Friday, March 21, 2014

The Graveyard 100: Race Recap



Many people say that after the first time, anything becomes easier. Unfortunately, that isn’t always the case in ultra-marathon. After my first successful one hundred miler last February, I refrained from competing for the full five weeks leading up to the Graveyard 100. This North Carolina race is located on the Outer Banks, and spans from Currituck Lighthouse to the Ferry at the southern tip of Cape Hatteras. It is ‘rated,’ as all ultra-events are, by its difficulty of grade and surface. GY100 ranks a meager ‘1’ on the difficulty scale, meaning it should be easy. The race director took great pains to ensure no one left that course feeling cheated out of a challenge.

Brandon Wilson, of RacENC, designed the course and implemented the inaugural GY100 four years ago. I actually remember reading a newspaper article about him trying to plan this race way back in 2010. Brandon is a former Marine, Ultra-runner, and one of those folks that truly takes pride in ripping out feats that folks just didn’t know they had within them. He designed this all paved, point-to-point course with one goal in mind –to make the easiest rated course the most difficult to complete. Here is how he did it.

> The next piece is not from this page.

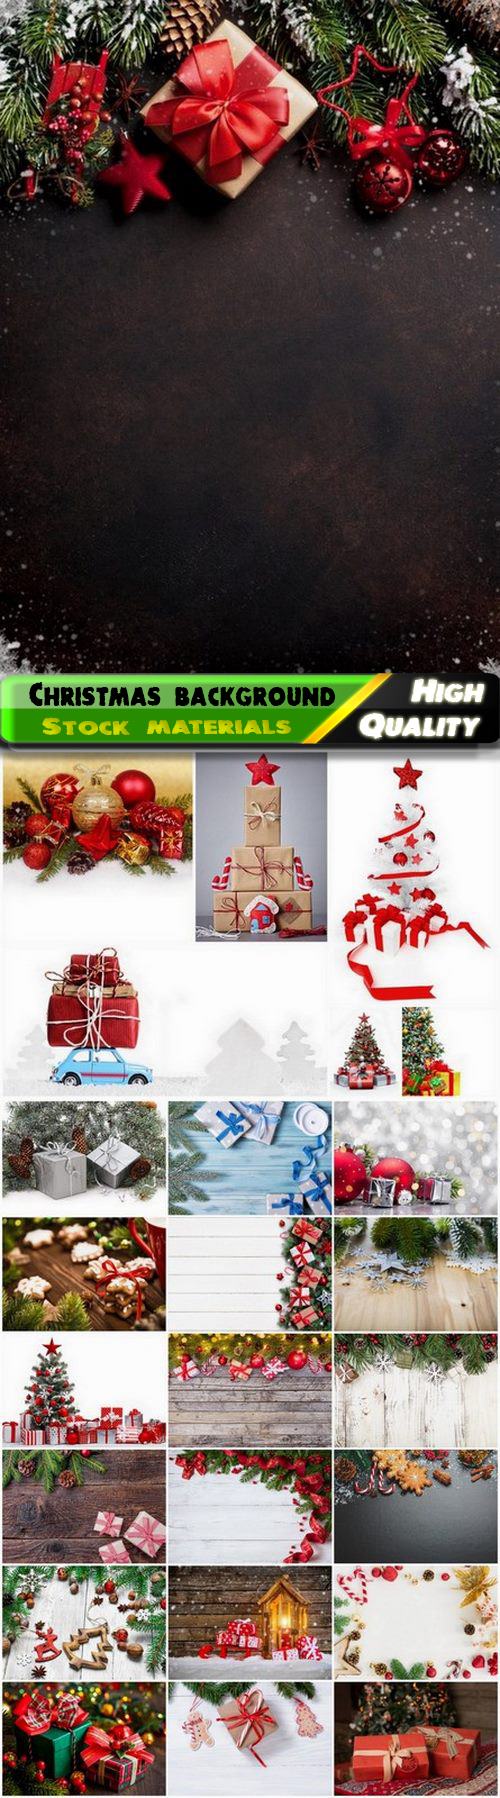 New Year and Christmas fir tree with branches and gifts 25 HQ Jpg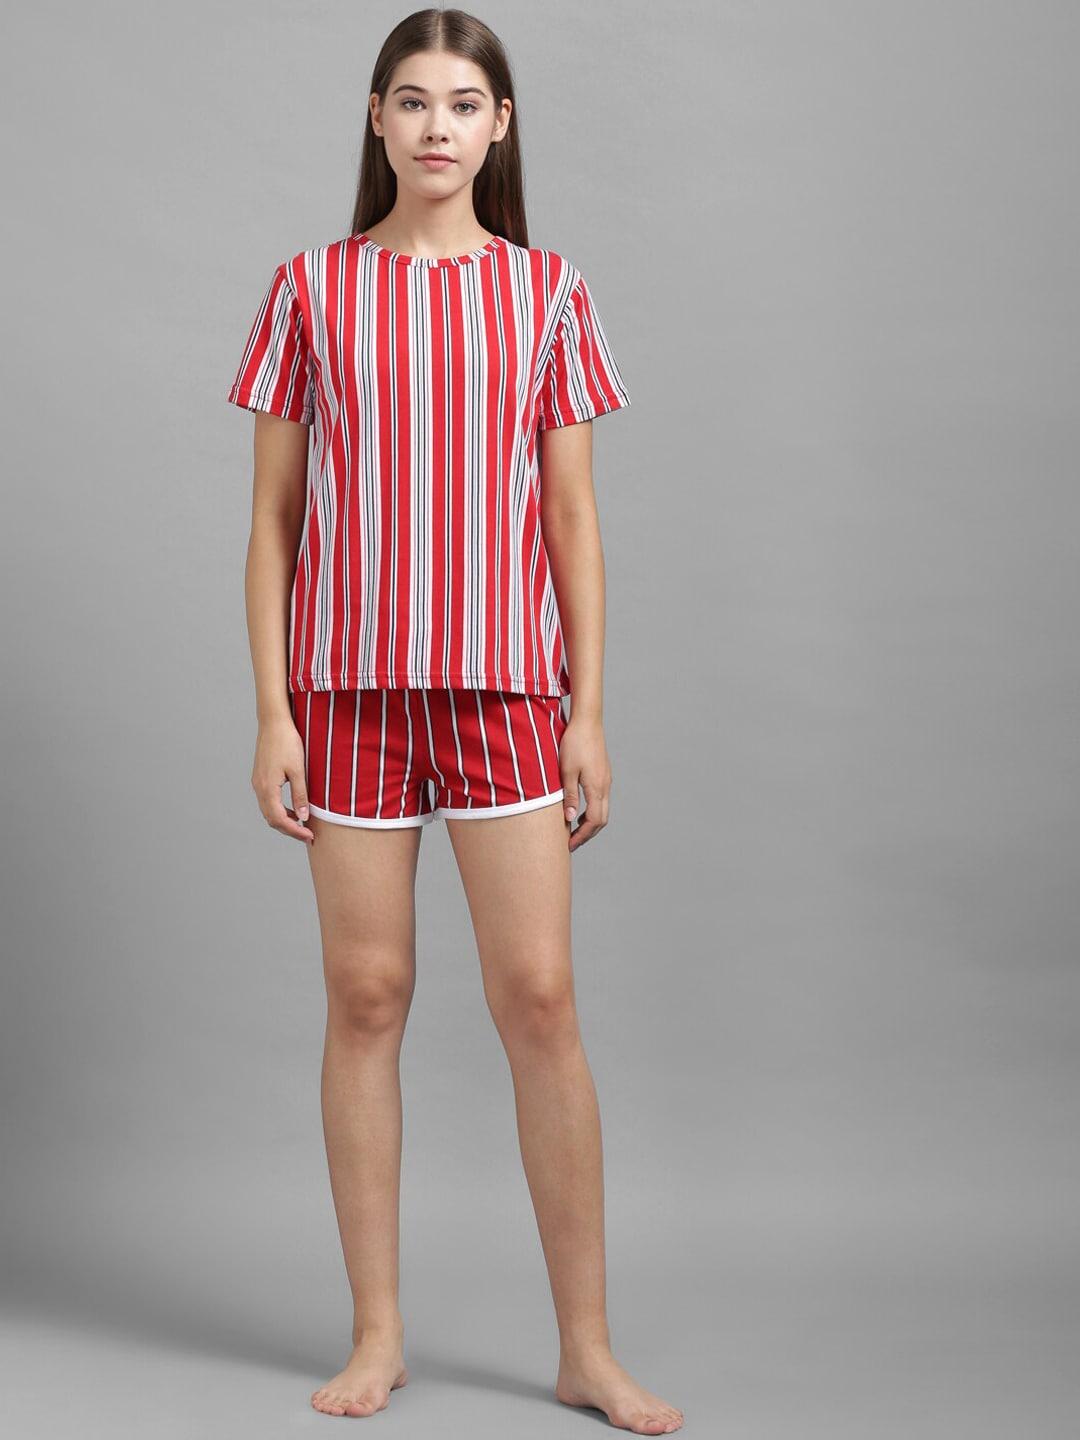 kotty women red & white striped night suit

First, he chose a string of islands connected by bridges in the Atlantic Ocean. Wind, storms, heat, sand and flooding all occur there (sometimes simultaneously) in the early Spring. The 2013 race had so much flooding that the course had to be modified to a shorter out-and-back format with much of the pavement being under water. Fortunately for those of us this year, only a few areas were completely submerged. For those of you unfamiliar with the terrain of the OBX, here is a quick synopsis. The first 50 miles of the course was primarily residential beach houses with the ocean to our left. Upon hitting the ‘halfway bridge,’ the road was quite literally flanked by about 250-500 meters of sand dunes on either side, with ocean to the left, the sound to the right, and nothing else but wind ahead.

Although a liberal 30 hour cutoff for the race in total, the first half had to be completed in a mere 12 hours. This is a pretty aggressive 100-mile pace for many. There were many water points (most unmanned) to refill water and electrolytes, but only four true Aid Stations with food, medical, supplies, established bathrooms, etc. Some of the water stops had port-o-potties, but the storm leading up to the race had tipped close to half of them over. The storm, in fact, deterred many from even coming out to start the race. Once you hit the bridge by the cutoff, you had at least 18 hours to finish up the GY100’s final 50 miles.

The desolation of the second half was brutal. Waxing fatigue, ongoing nutritional challenges and a waning mental clarity all were augmented by a strong headwind, absolute darkness and a biting cold. Many runners ran without pacers or a crew. I commend their efforts –I relied heavily on mine. Since I am trying to complete four 100-mile races in four months, I am not pushing these races hard. On the contrary, even as a new PR for me, I was in the last few finishing. When compared to Rocky Raccoon last month, this race ranked a 4/5 in mental toughness, even though only a 1/5 in physical toll. Rocky was a 2/5 and 3/5 respectively. I believe Brandon said it best when he warned all of us to discount the rating and “Respect the course.”